**PROBLEM STATEMENT:**
One number is the whole answer: how many lines of the records include "Images".

**DATA IN THIS EXERCISE:**
**********
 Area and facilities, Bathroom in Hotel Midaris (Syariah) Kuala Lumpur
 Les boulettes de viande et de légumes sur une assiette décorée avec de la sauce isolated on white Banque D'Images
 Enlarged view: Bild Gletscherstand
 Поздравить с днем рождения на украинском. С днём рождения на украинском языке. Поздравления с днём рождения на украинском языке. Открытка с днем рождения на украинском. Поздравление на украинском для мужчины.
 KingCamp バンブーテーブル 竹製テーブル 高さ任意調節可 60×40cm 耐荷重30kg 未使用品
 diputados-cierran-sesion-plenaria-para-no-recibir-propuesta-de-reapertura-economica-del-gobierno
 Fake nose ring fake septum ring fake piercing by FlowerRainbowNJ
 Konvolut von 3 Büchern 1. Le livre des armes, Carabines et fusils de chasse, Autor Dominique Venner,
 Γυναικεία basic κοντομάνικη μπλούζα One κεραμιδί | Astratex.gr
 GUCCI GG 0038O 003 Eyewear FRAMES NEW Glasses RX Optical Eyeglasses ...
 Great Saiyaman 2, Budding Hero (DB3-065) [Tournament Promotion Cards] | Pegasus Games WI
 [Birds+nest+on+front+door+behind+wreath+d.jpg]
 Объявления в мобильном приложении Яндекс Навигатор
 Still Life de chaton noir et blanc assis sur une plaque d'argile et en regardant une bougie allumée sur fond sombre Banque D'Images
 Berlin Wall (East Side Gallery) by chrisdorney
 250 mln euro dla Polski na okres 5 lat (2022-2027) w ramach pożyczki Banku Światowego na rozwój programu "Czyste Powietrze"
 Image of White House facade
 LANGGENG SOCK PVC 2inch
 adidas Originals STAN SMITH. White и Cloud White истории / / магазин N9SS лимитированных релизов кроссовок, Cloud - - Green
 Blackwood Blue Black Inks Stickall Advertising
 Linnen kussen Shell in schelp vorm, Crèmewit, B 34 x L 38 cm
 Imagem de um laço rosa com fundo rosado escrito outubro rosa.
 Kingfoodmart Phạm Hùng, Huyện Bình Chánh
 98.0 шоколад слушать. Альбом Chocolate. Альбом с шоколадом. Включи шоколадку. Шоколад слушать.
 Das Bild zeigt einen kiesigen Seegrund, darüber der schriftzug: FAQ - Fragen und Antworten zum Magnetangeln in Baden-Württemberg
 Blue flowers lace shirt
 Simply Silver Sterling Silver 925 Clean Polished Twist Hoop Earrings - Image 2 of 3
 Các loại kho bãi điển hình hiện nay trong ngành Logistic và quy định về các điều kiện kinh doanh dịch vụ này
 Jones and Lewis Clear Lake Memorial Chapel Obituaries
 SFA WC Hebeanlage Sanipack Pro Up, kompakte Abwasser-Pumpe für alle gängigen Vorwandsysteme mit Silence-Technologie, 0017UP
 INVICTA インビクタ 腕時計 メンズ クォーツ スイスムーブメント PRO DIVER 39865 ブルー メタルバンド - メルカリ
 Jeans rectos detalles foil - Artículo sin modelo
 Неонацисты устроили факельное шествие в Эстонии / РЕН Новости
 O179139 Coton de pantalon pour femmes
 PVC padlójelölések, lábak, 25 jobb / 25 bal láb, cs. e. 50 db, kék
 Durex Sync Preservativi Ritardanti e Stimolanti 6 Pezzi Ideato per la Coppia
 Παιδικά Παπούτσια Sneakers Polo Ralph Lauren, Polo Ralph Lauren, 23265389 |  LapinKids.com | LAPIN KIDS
**********
**OUTPUT OF THE TASK:**
2